Освобожденный от жарких объятий общительного Бернстайна Нью-Йорк изготовился к встрече с замкнутым, лысеющим Булезом, который ни с кем не целовался и исхитрялся непостижимым образом держаться особняком. «Ледяной дирижер» — предупреждала «Нью-Йорк Таймс». Более теплую сторону его личности наблюдали лишь оркестровые музыканты, чье мастерство он негромко хвалил. Наиболее общительным Булез выглядел в перерывах между репетициями, когда обменивался с музыкантами слухами над пластиковыми чашками с кофе. Он был хорошим рассказчиком, однако ему сильно не хватало юмора, и смеющимся от всей души его случалось видеть не часто. Женат Булез никогда не был. У него имелся компаньон-австриец, Ганс Мессмер, занимавший отдельную квартиру в одном с Булезом квартале и иногда представлявшийся его камердинером.
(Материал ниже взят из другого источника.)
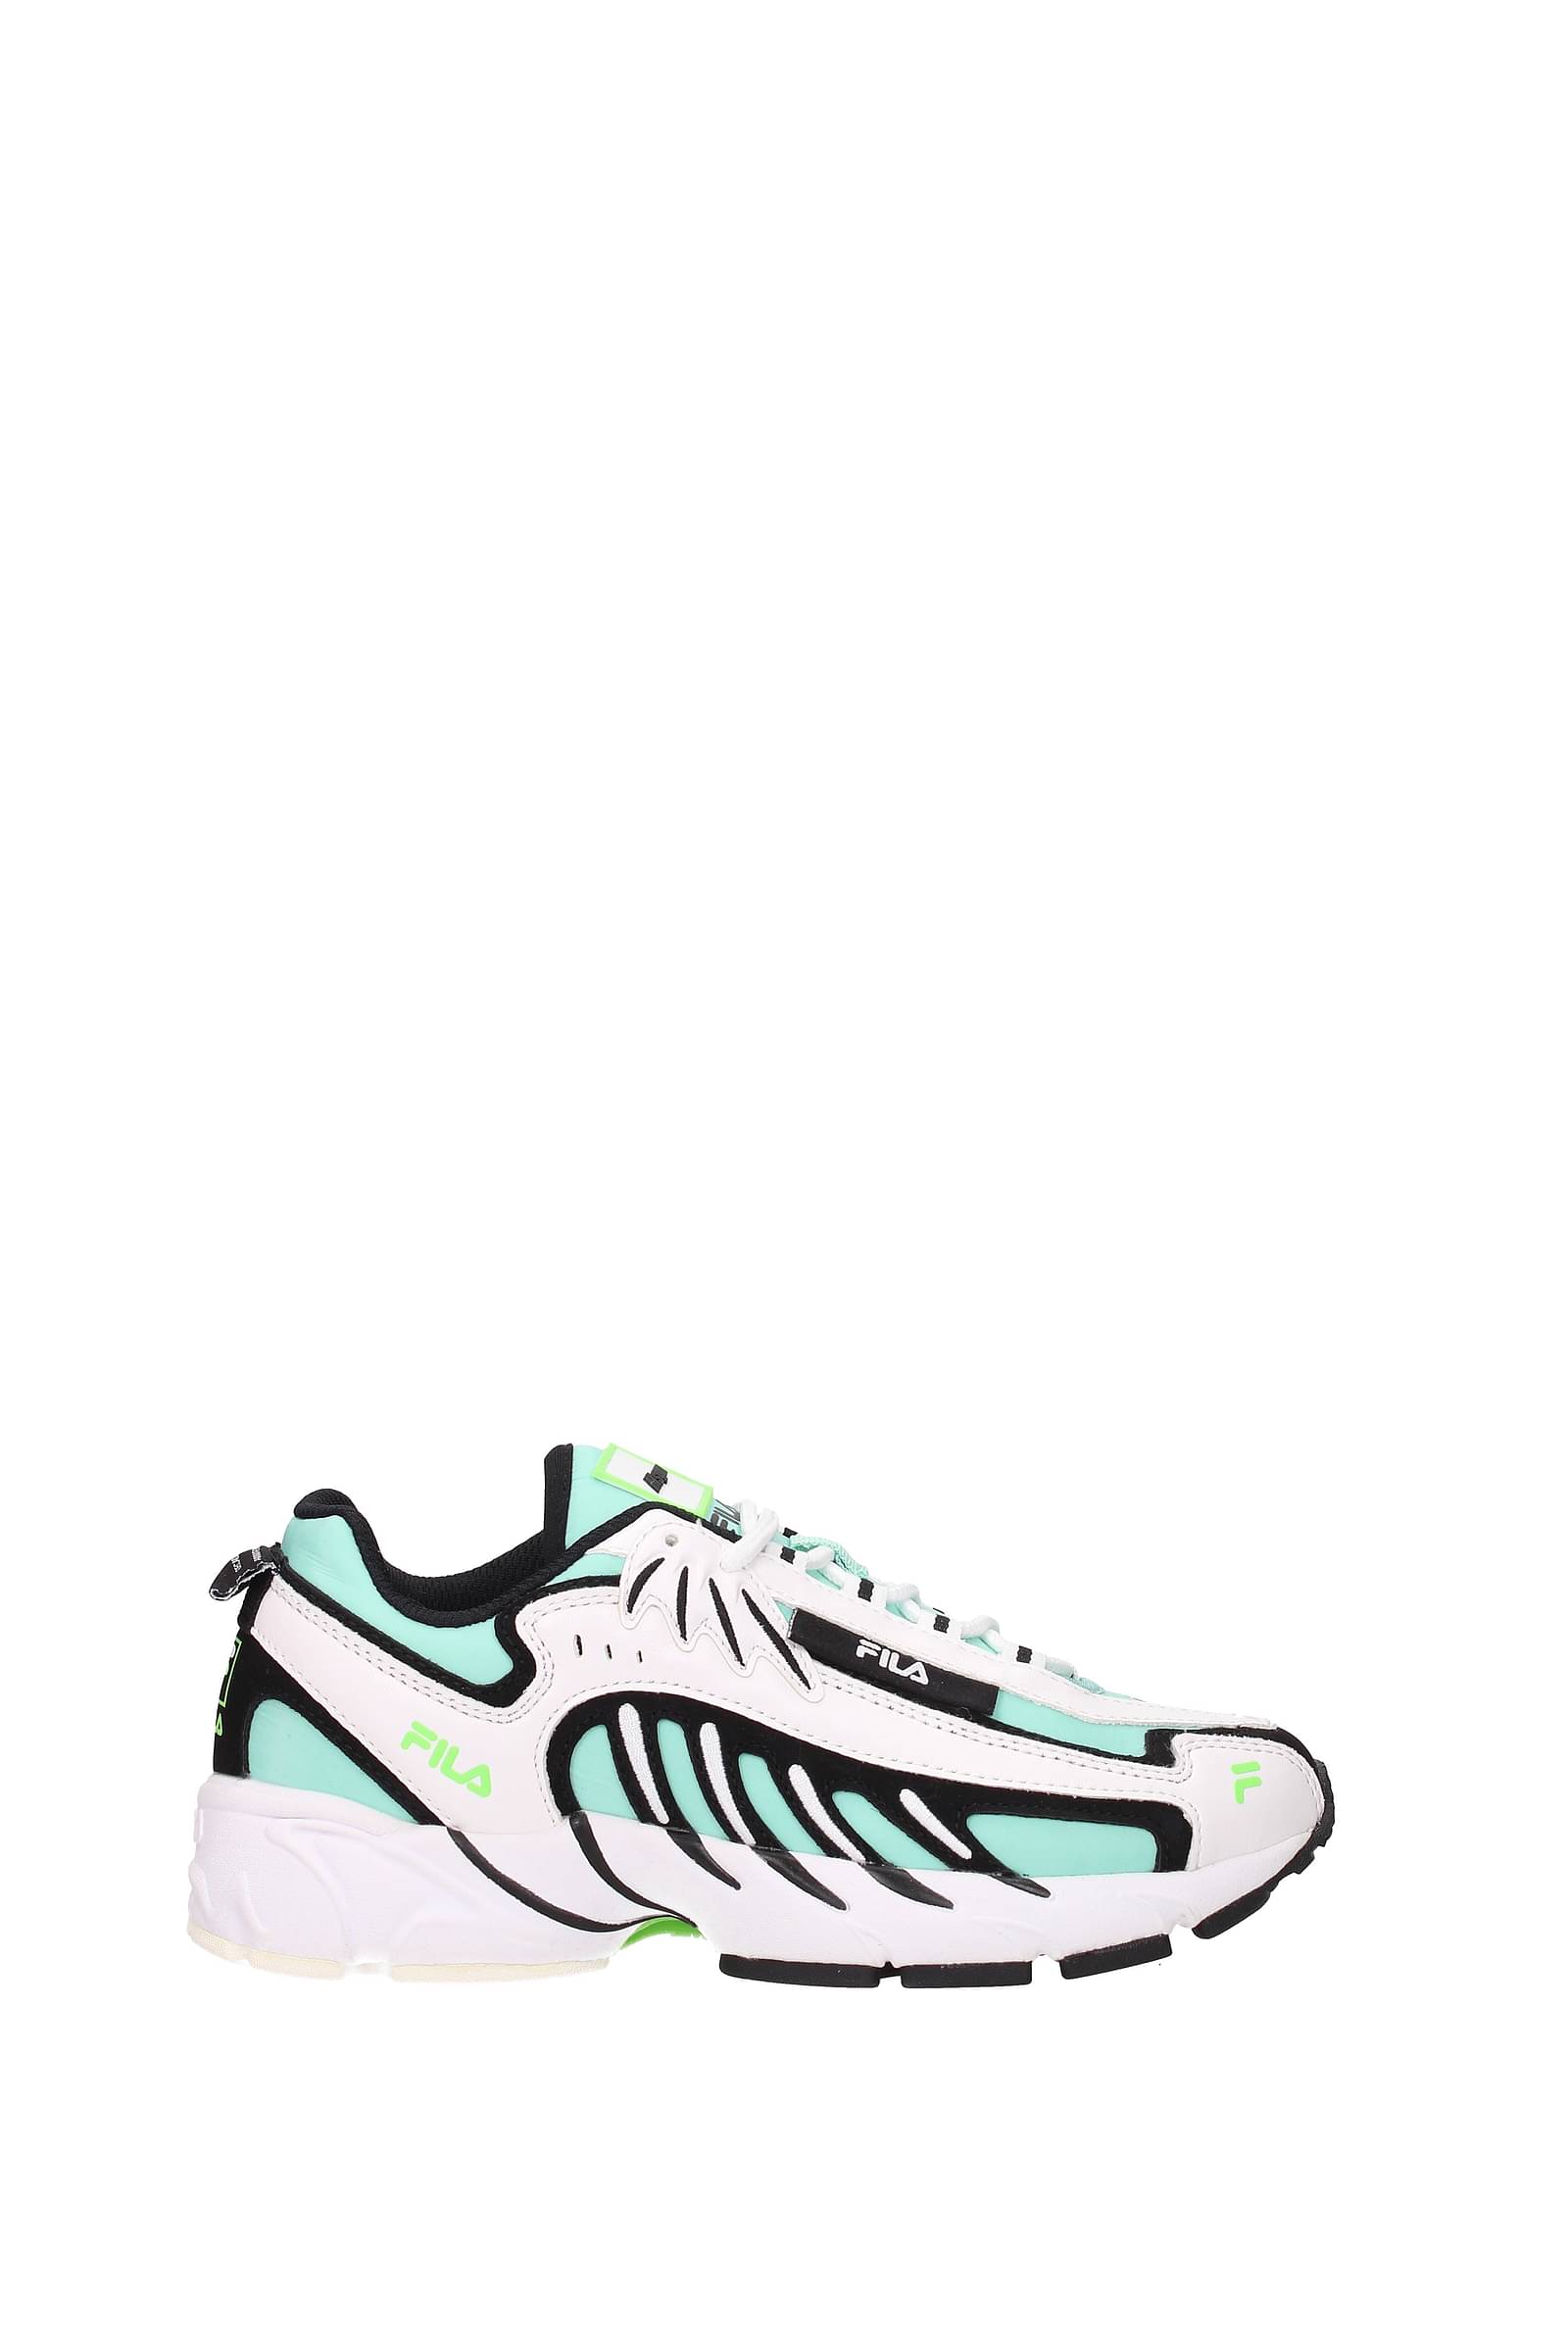 MSGM-Sneakers x fila Tessuto Bianco Verde Acqua-Donna

На подиуме Булез славился слухом, способным различить одну неверную интонацию в аккорде, взятом сотней инструментов. Ригористом он был не меньшим, чем Джордж Сэлл, который и рекомендовал его Филармоническому, тем не менее Отто Клемперер называл Булеза «единственным человеком его поколения, который является и выдающимся дирижером,
Поклонники Бернстайна не приняли Булеза, как и многие из пожилых держателей абонементов. На их место пришли длинноволосые личности из Вудстока, которые стекались на построенные Булезом на манер викторин «концерты для бедных» в Гринуич-Уиллидж и пытались выяснить у него в чем состоит смысл жизни. Он поговаривал о том, чтобы перестроить программы Филармонического на манер легендарного манхэттенского Музея современного искусства (МОМА), в котором «Герника» Пикассо оказывается начальной, а не конечной, как мы привыкли считать, точкой в исследовании пластического искусства. «Мы изменили аудиторию, — радовался Булез. — Мне хотелось, чтобы людей интересовали концерты, а не только общественная жизнь».
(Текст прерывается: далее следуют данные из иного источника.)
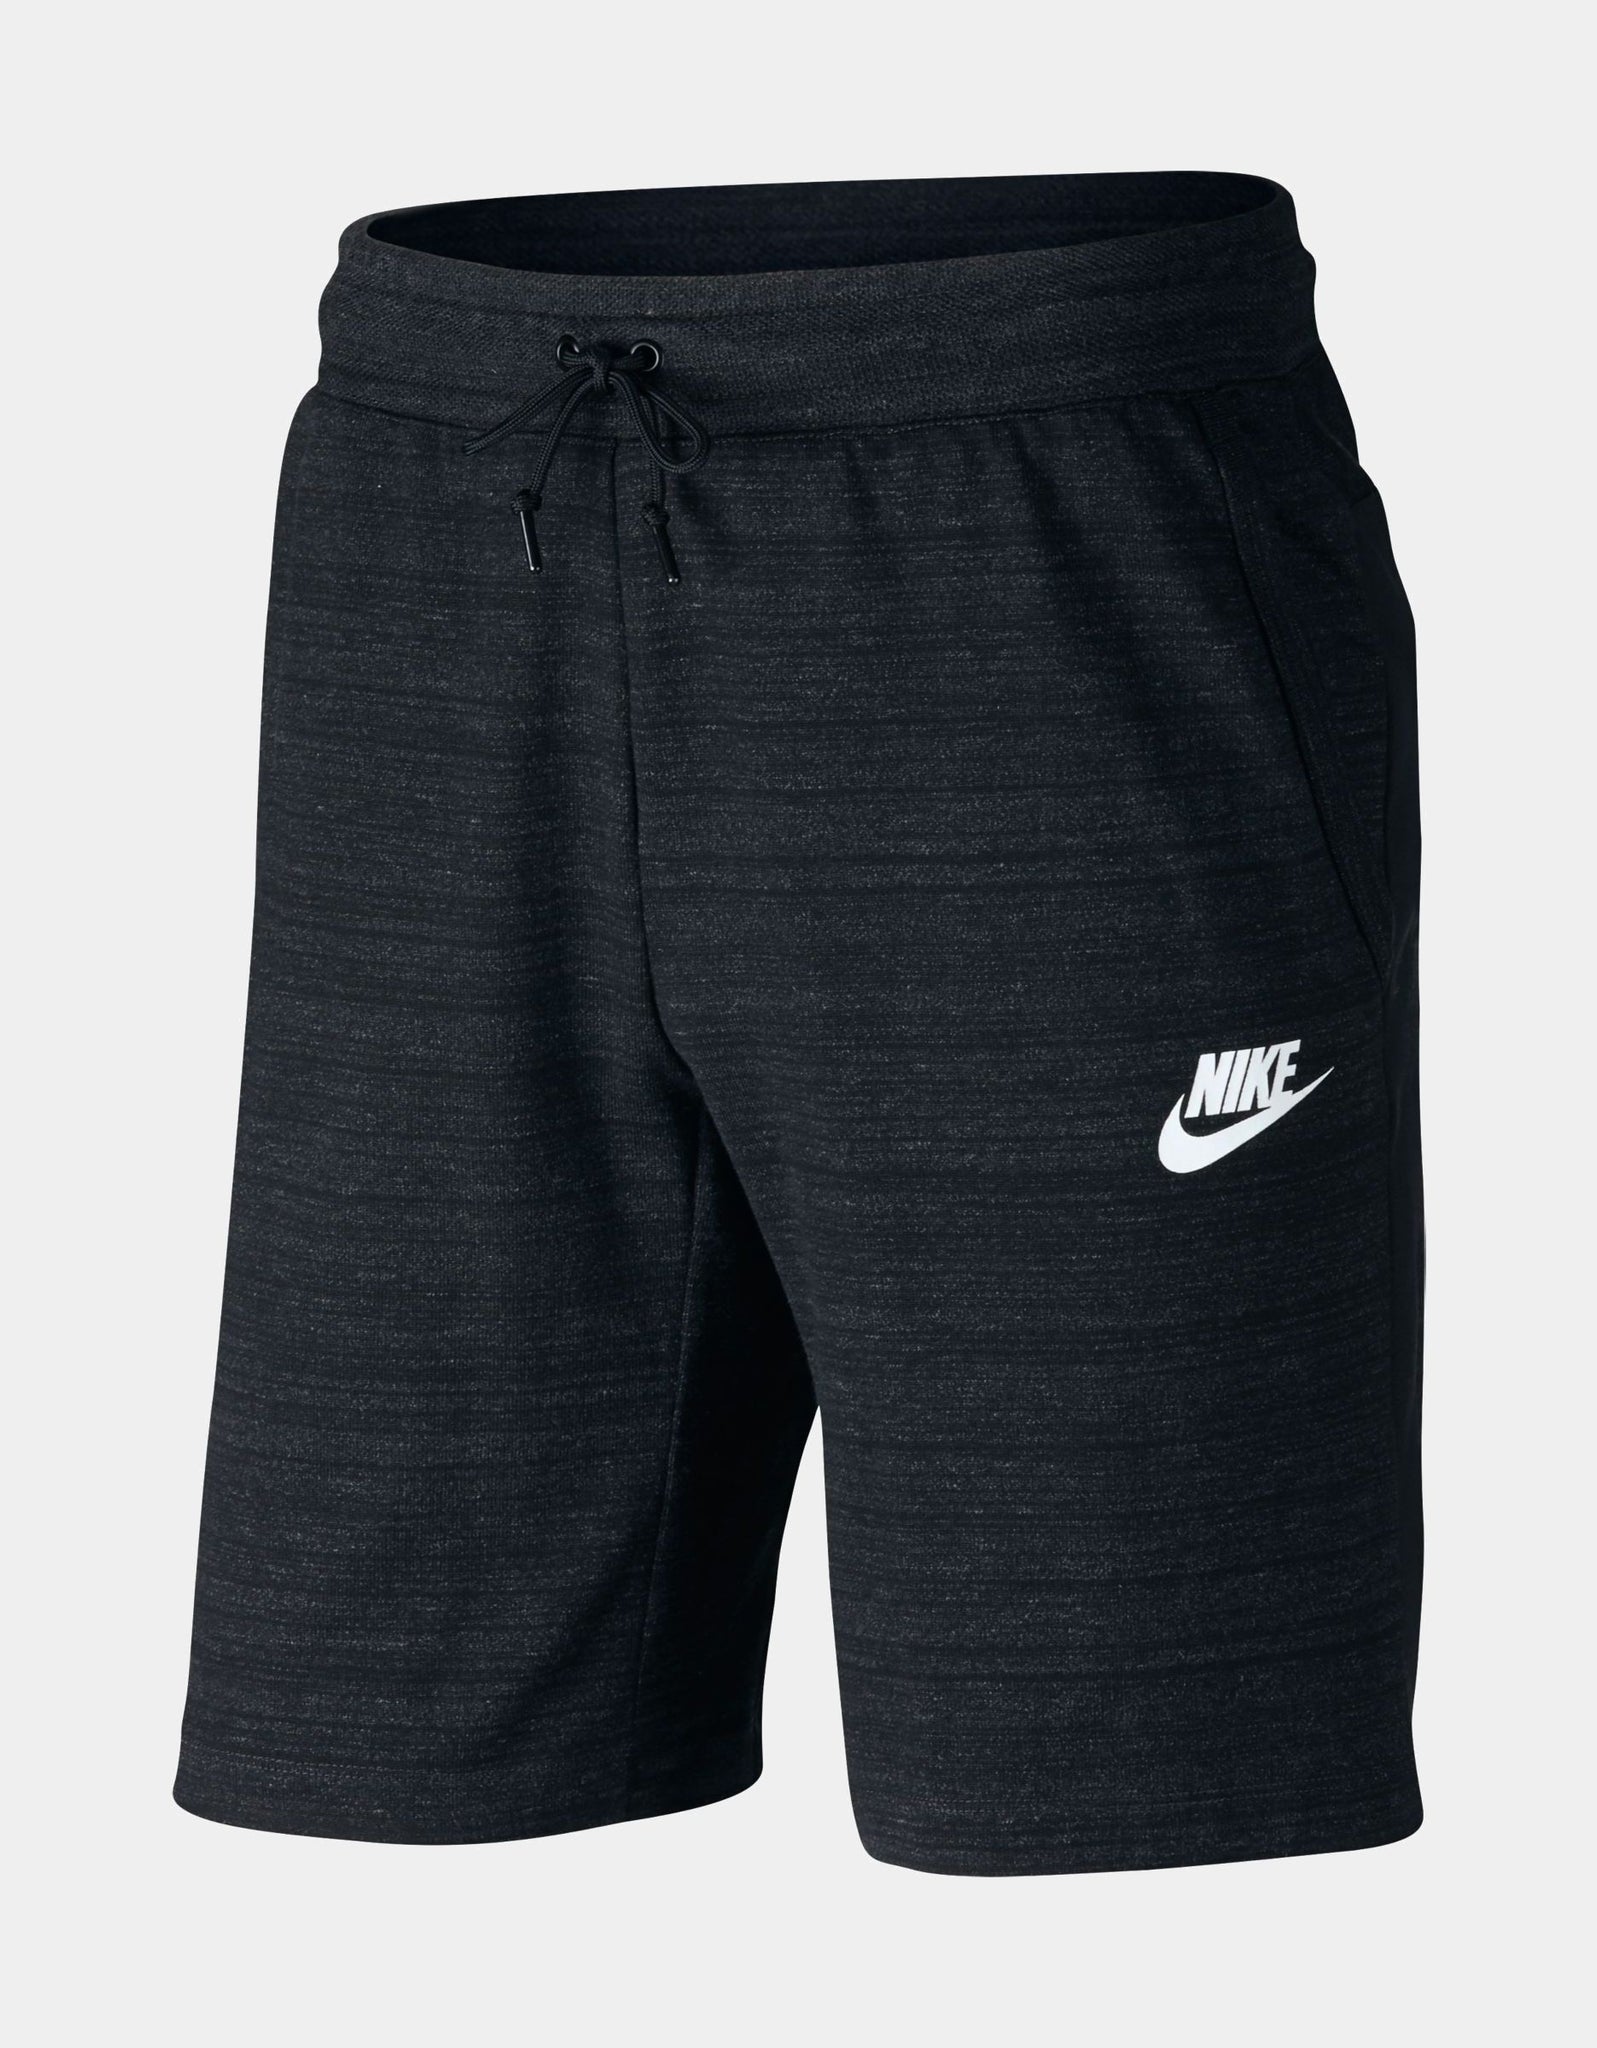 Nike Advance Mens Knit Shorts Black 885925-010 Shoe Palace

Он отказывался исполнять Чайковского, отвергал Брамса как музыканта «буржуазного и самодовольного», осмеивал Прокофьева, говоря о его «весьма незначительном даровании», и наложил запрет на Бриттена и Шостаковича, считая их непростительно «консервативными». Любой композитор, не ощущавший «необходимости» двенадцатитоновой системы Шёнберга, был для него просто «поверхностным». На взгляд Булеза, основное течение музыки шло от Баха через Бетховена к Вагнеру и Малеру, затем к Шёнбергу с Веберном и, наконец, к нему самому. Однако от использования своего положения для исполнения собственной музыки он воздерживался, показав за шесть нью-йоркских сезонов только два своих произведения и одновременно сделав несколько уступок композиторам местным.
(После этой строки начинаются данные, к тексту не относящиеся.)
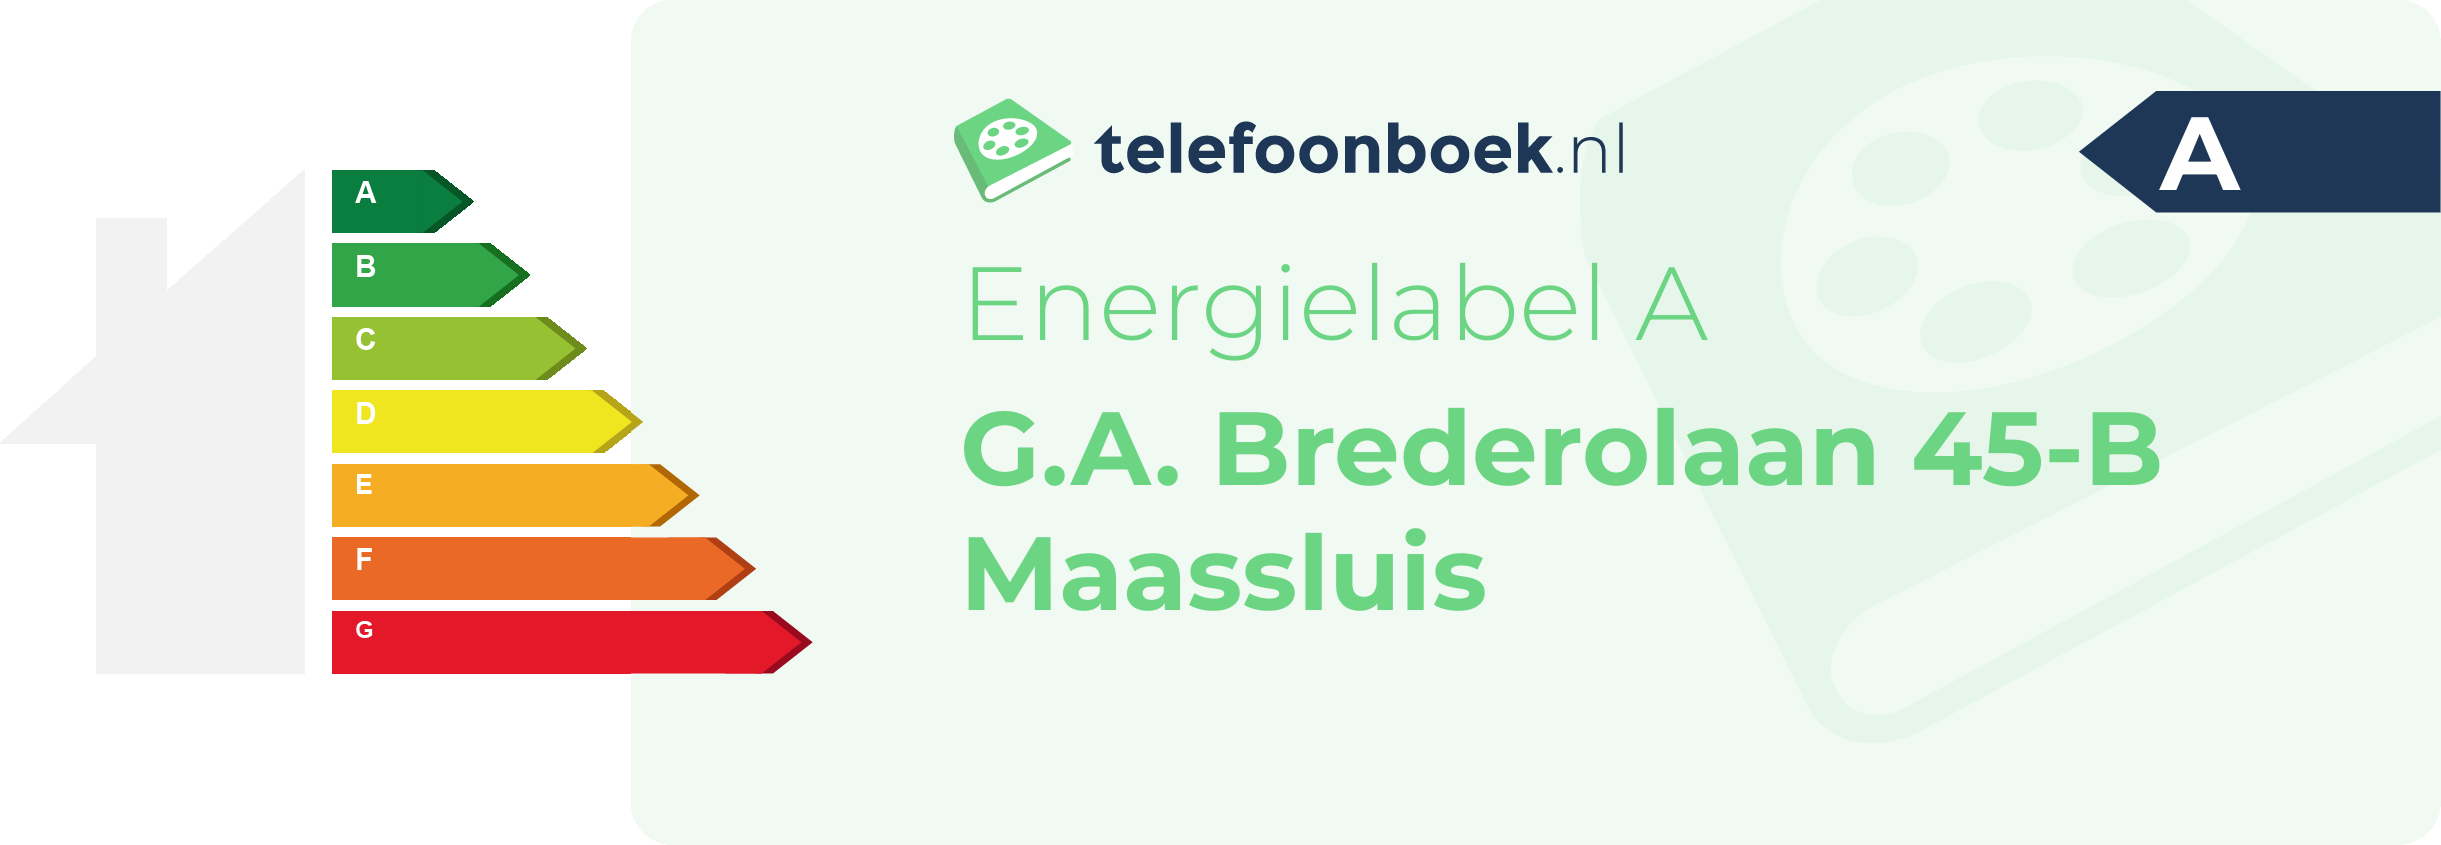 Energielabel G.A. Brederolaan 45-B Maassluis

«В Америке нет никого, кто превосходил бы Ганса Вернера Хенце, — провозгласил он, — а это не самый высокий уровень. Композиторов масштаба Штокхаузена здесь просто не существует». Заявления столь высокомерные — впоследствии видоизмененные в угоду высокоумной музыке Эллиотта Картера, — противоречили глубоко укоренившейся скромности, которая выражалась его беззаветным служением идеалу. Булез никогда не стремился обратиться в звезду первой величины. Он стал музыкальным директором не в поисках славы, но ради того, чтобы способствовать революции. «В политике это называют „внедрением в чужую партию“, — объяснял он. — Нельзя вечно сидеть в сторонке и тявкать на собачий манер. Вот я и занял столь ответственный пост, стремясь переменить не весь мир, но хотя бы часть его». Булез называл это «изменением порогового значения одного периода».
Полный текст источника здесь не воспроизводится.